Hello @bretsw and many thanks for your submission! We have discussed the package and have deemed it to be in scope.

@geanders will you be your handling editor 🙂

bretsw commented 4 years ago

Thank you, @annakrystalli! And thank you in advance, @geanders, for working with us. We are looking forward to your feedback.

bretsw commented 4 years ago

Hi @geanders, thank you so much for considering {tidytags} for review. @jrosen48 and I were just thinking about this and thought to reach out to inquire about the status of the review. We recognize that this is likely to be a very busy and hectic time and so understand if the answer is simply that it's 'in-process'. But would you be able to let us know? Thanks again for considering this. //Bret

maelle commented 3 years ago

:wave: @bretsw, some first remarks from me (another editor).

I am generally wondering how the reviewers can test the package. For instance is the TAGS used in the vignette usable by anyone? I see the vignette chunks aren't evaluated, why is it so? Not that I have anything against pre-compiling vignettes in such a case!
Could you add documentation on data protection? See https://devguide.ropensci.org/policies.html#ethics-data-privacy-and-human-subjects-research I saw a related open issue in your repo.
In the pkgdown reference page, it would make sense to group functions.
The README content could be partly re-used as a Get Started vignette (just name a vignette tidytags.Rmd). How to re-use chunks.
Relatedly, although the README structure is clear, I'd appreciate a setup checklist to provide an overview. Or maybe a setup vignette like the rtweet vignette about secrets.
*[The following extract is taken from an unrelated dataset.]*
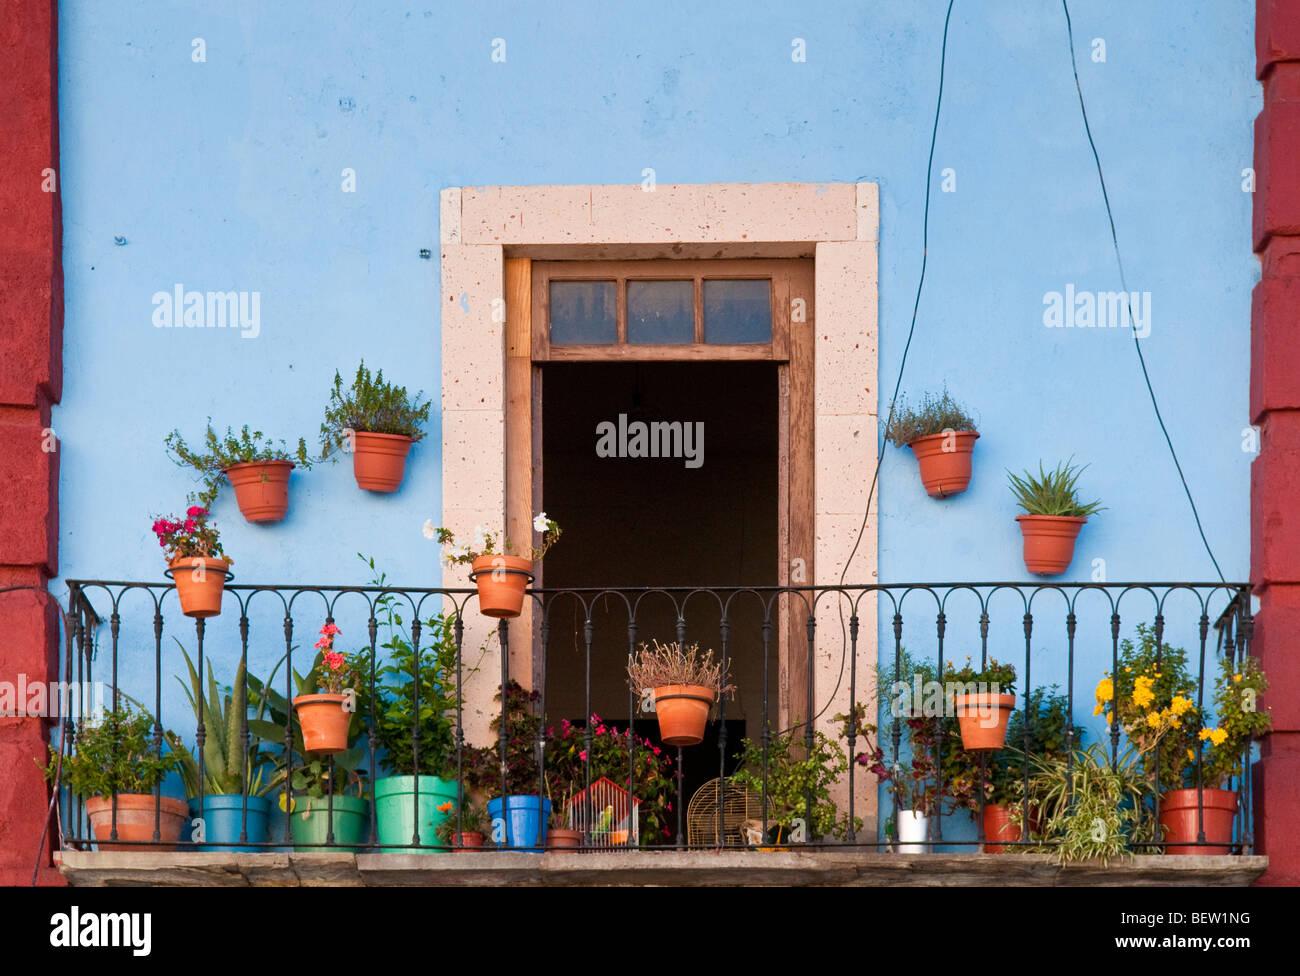 Las macetas en el balcón del apartamento en el centro de Guanajuato, México. Imagen De Stock

* Have a TAGS with blablabla ready (blablabla being the public URL)
* Setup rtweet credentials if you want to use blablabla
* Setup Google geocoding credentials if you want to use blablabla

In the TAGS setup explanation maybe some screenshots would make sense. I say maybe as a) they easily go stale b) your text seems quite clear (not tested yet) and a screenshot wouldn't replace instructions.
Regarding tests am I correct that they're skipped everywhere but locally? Is it both because you are using authentication & Twitter data you don't own/can't share? I am actually working on the "HTTP testing in R" book so I'd recommend choosing an approach with some sort of fake data. I can help more once I know more about your constraints.

bretsw commented 3 years ago

@maelle, thank you for this initial feedback. @jrosen48 and I chatted today and divided up tasks. We're aiming to get back to you on these things by the end of next week (10/23).

maelle commented 3 years ago

Thanks for the update! :+1: Don't hesitate to ask any question here.

bretsw commented 3 years ago

@maelle, thank you again for your feedback! Below are responses from @jrosen48 and I, and we have pushed all changes to the repo: https://github.com/bretsw/tidytags

We're looking forward to more dialogue on this! //Bret

I am generally wondering how the reviewers can test the package. For instance is the TAGS used in the vignette usable by anyone? I see the vignette chunks aren't evaluated, why is it so? Not that I have anything against pre-compiling vignettes in such a case!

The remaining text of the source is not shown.